Распутин подошел к царю:

— И твое присутствие сегодня здесь, Григорий, — замеча­тельный знак! И ты переживешь вместе с нами эти счастли­вые мгновения. Наши солдаты — в Ярославе, мы заняли Тар- нополь, Броды и Брзежаны. Нефтяные месторождения Львова не будут снабжать сырьем Германию. Теперь их ис­пользовать будем мы, Россия... наконец-томы получаем ком­пенсацию...

Александра, опустив глаза, дрожа всем телом от боли, не находила в себе сил, чтобы подняться. Она продолжала си­деть в кресле, словно наэлектризованная, и смотрела на этих двух мужчин, стоявших перед ней: царь и святой мужик. Кому же из них принадлежит истина?

— Григорий, разве то, что я сообщил тебе, не доставляет тебе радости?

Сибирский крестьянин наклонил свою большую голову с лохматой гривой. «Старец» старался не смотреть на импе­ратора. Он лишь невнятно бормотал:

— Кровь течет повсюду. - - Ты говоришь о еще живых сол­датах, которые идут вперед, толком не понимая, куда вле­чет их дьявол, но почему не говоришь о тех, кто падает на землю, о тех раненых, которые десятками тысяч прибыва­ют отовсюду, о неисчислимых лазаретах, которые принима­ют их, и там больше нет места, никто не знает, куда их де­вать, что с ними делать... Батюшка, уже слишком поздно, и покаяния не избежать. Я предупреждал... Слал телеграммы... ну для чего нашей святой России эта война, скажи на ми­лость...

*

— Мы сократили территорию этой краснобайствующей Германской империи, столь опасной для всей Европы.

— Нечего делить шкуру неубитого медведя, батюшка.

— Богенами!

Распутин постепенно оживлялся. Он теперь не стоял, расхаживал большими шагами по комнате.

— Батюшка, прошу тебя, не упоминай имя Божье всуе. Ибо Россия дерется, поступает не по Его воле. Тебе следует поостеречься. Те, кто отказываются от слов любви, гиблые люди.

Николай подошел к креслу Александры, встал за ним. Распутин продолжал:

— Никто лучше меня не знает, что ты — отец наш, что доброе у тебя сердце. Но ты отдал приказ воевать, и мы все погибнем. Да, да, эта война приведет к нашей гибели.
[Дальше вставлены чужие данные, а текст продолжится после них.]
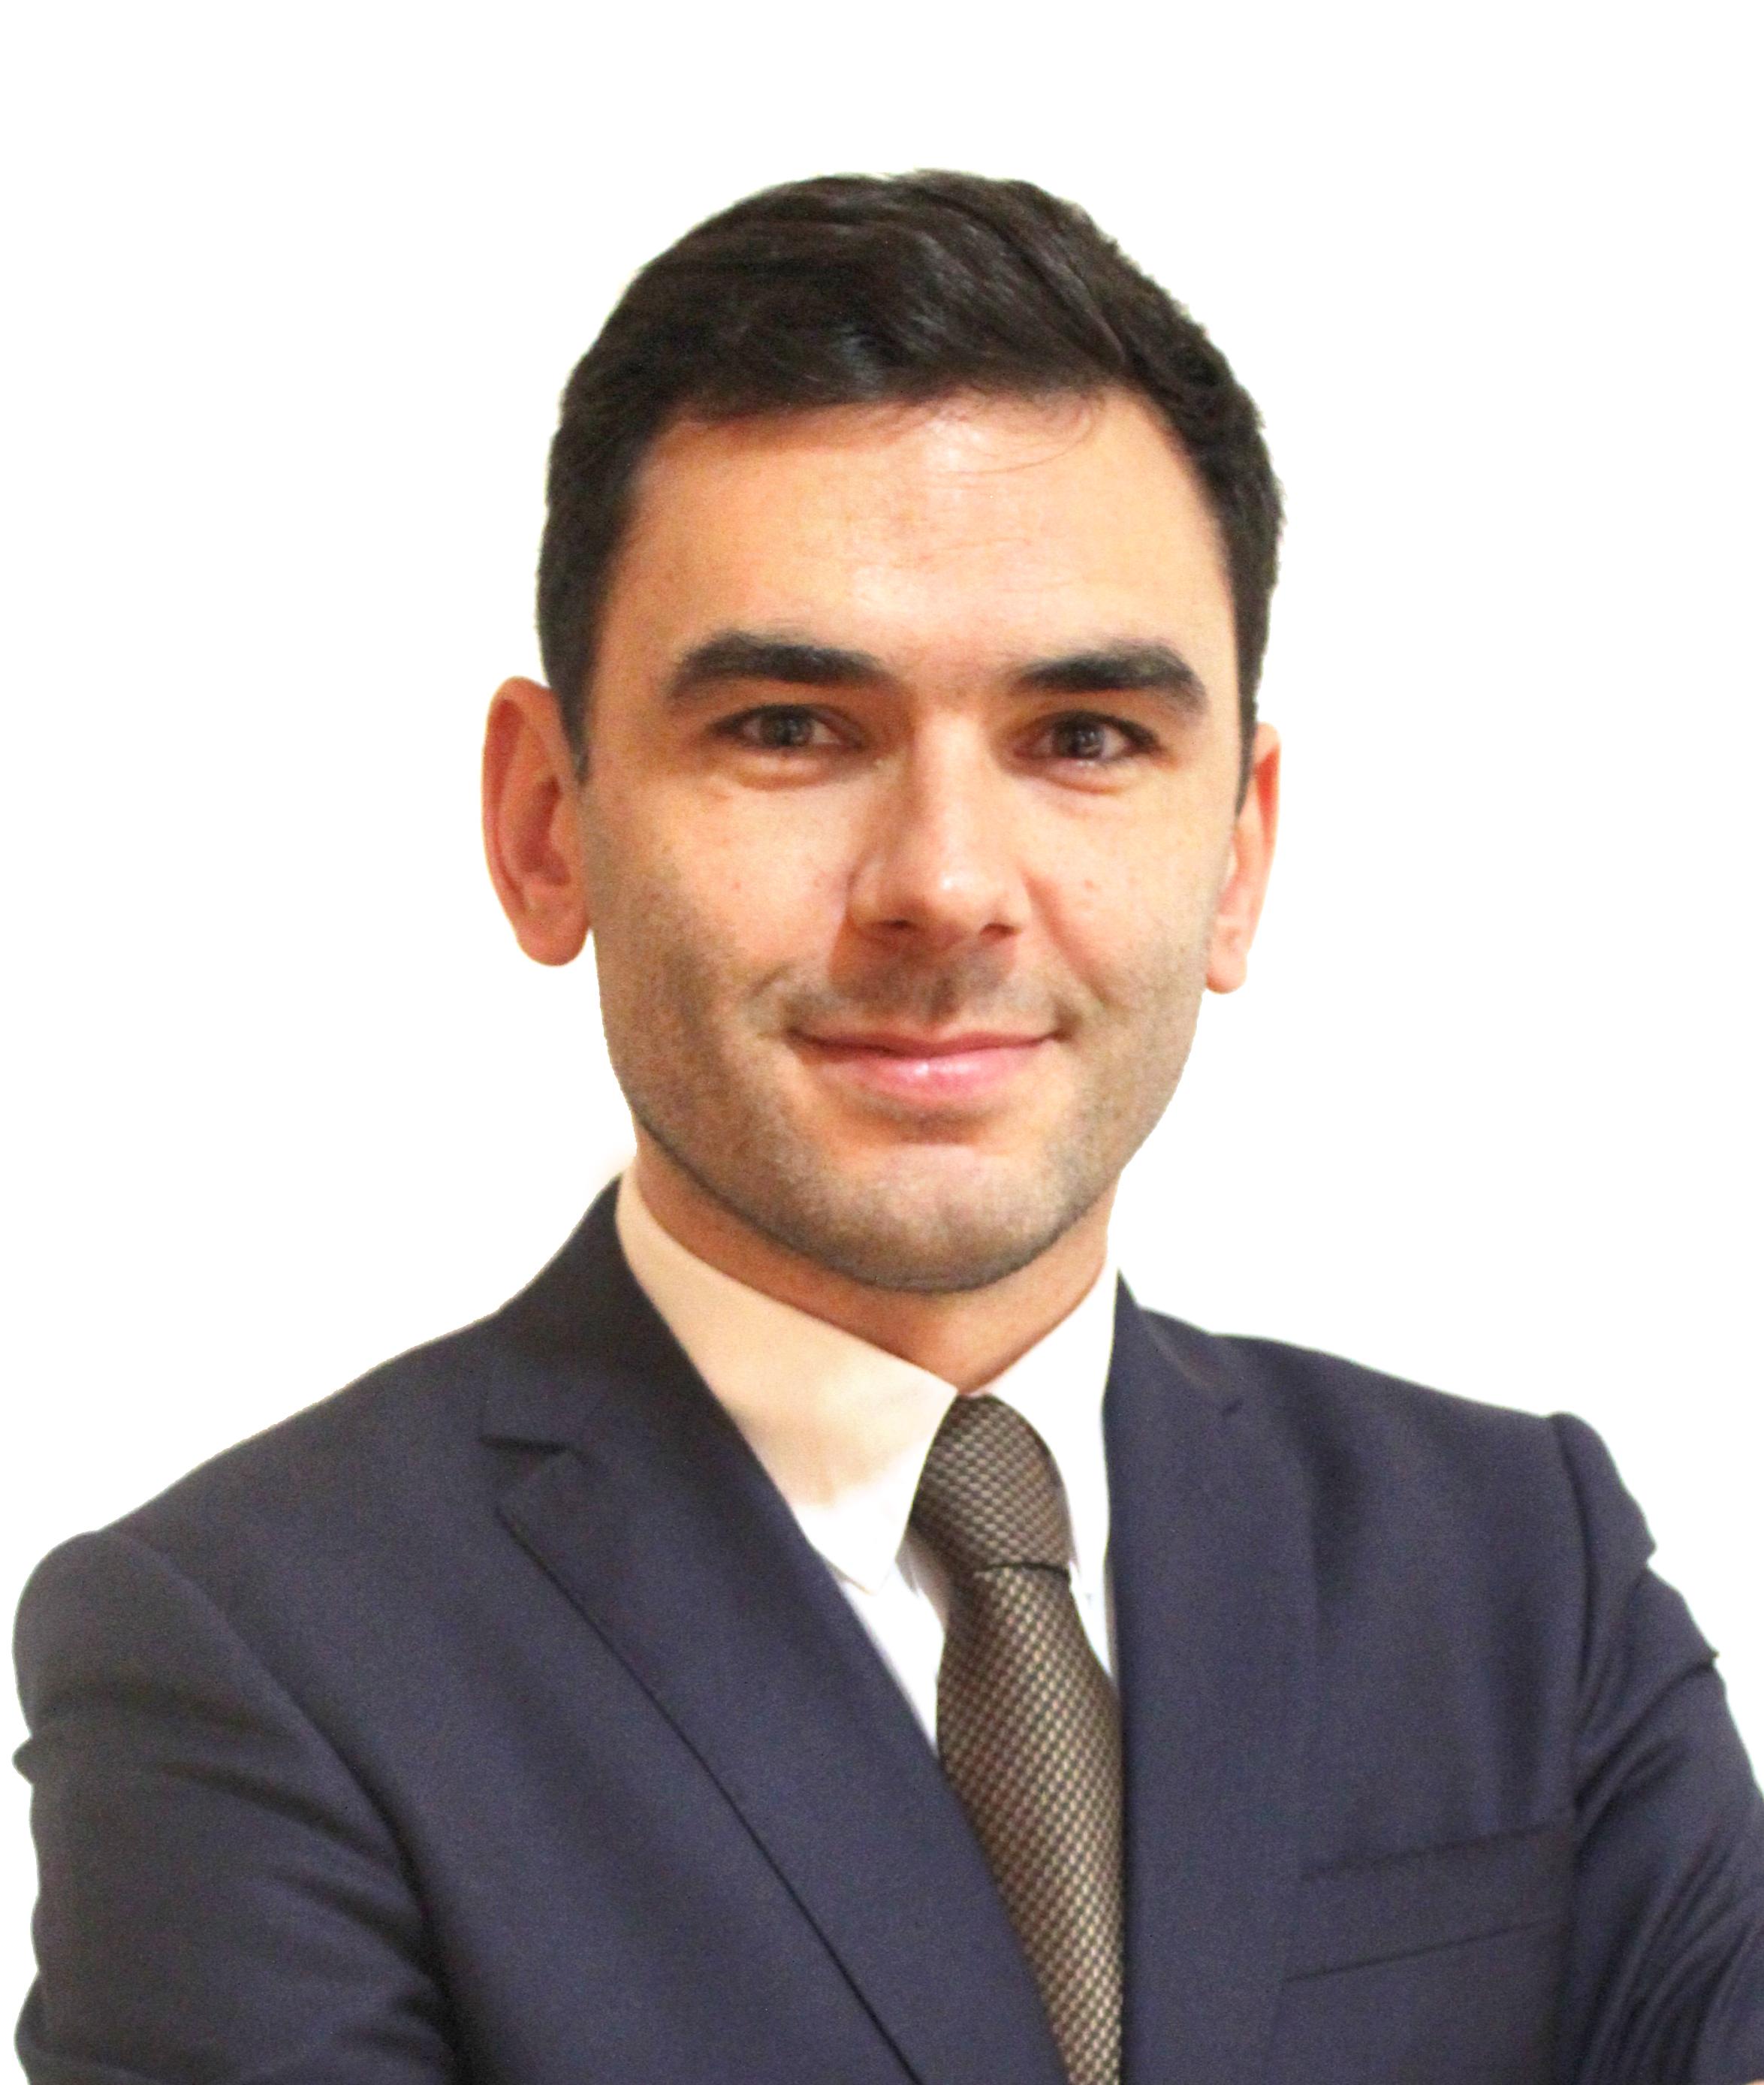 Jorge Silva Martins - PLMJ
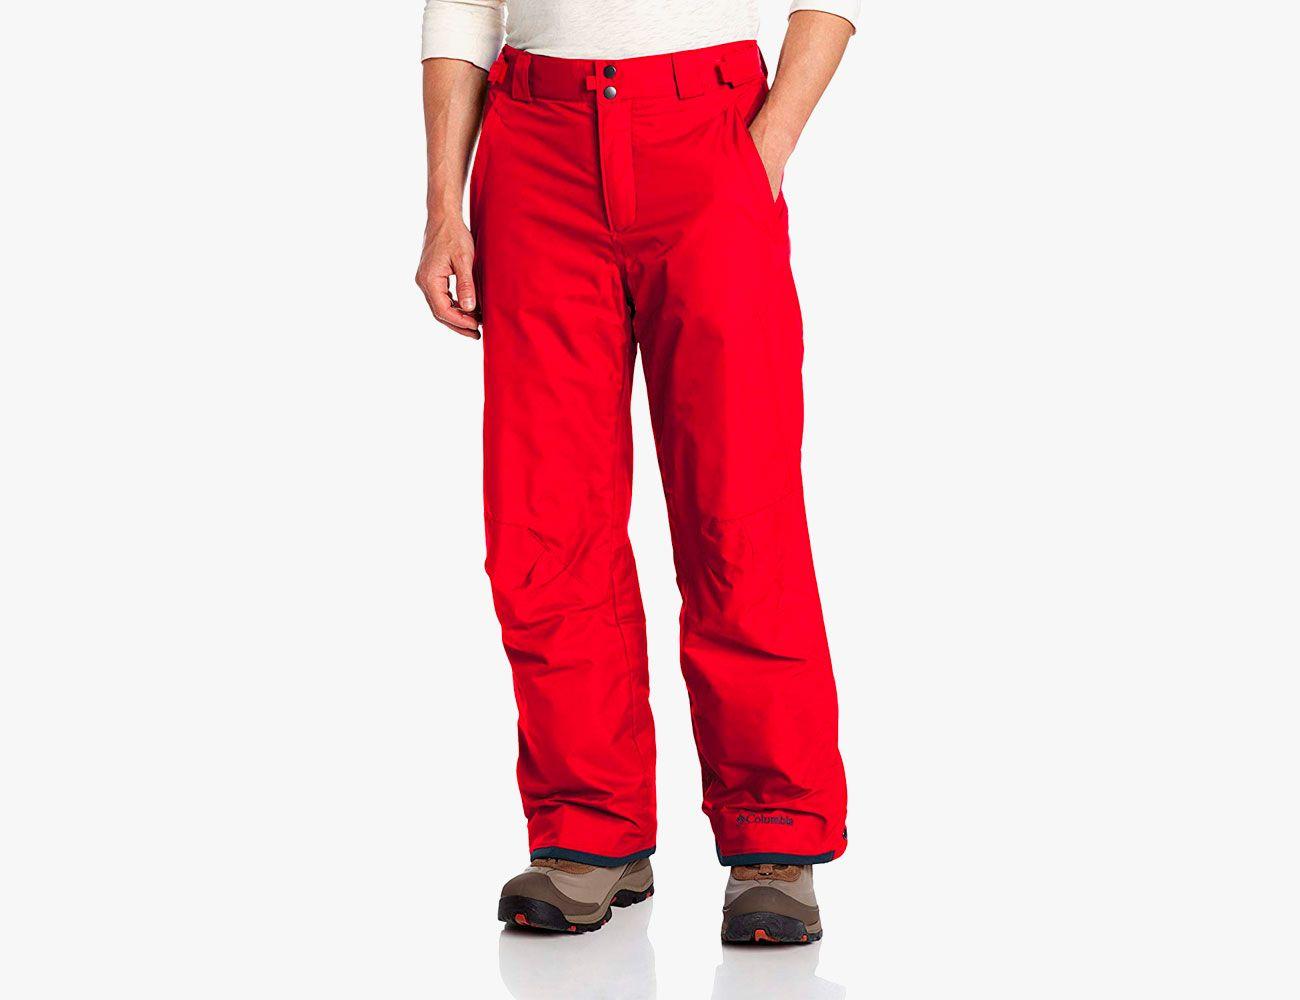 Womens Warm Outdoor Hiking Ski Pants Fleece Padded Windproof Waterproof Trousers

И тебя самого не пощадят. Умоляю тебя, батюшка. Ради здоровья твоего сына, которого ты обожаешь, нашего горячо люби­мого цесаревича, остановиты эту бойню. Только подумай о тех слезах, которые пролились по твоей воле во всей импе­рии, о впавших в отчаяние матерях, предающих земле сво­их любимых сыновей, этих многочисленных безвинных жертв, подумай о нашей земле, ибо скоро не останется сво­бодных рук, чтобы ее обрабатывать, бросать в нее семена, давать жизнь народу, к которому принадлежим и мы с тобой, и наши дети. Не якшайся ты со всеми этими преступника­ми, которые и в той, и в другой банде пекутся лишь о соб­ственной гордыне, о своей корысти. Ты, батюшка, совсем из другого теста. Так прекрати же эти массовые убийства, ко­торым нет никакого прощения, а если не сделаешь, то скажут тебе, — кара Господня будет ужасной... Слушай меня хорошенько. Даже я, никогда не знавший страха, ныне дро­жу от него...

Когда он говорил, лицо его все больше серело, на нем все яснее проступали глубокие морщины. Его руки с перепле­тенными пальцами, казалось, молили царя.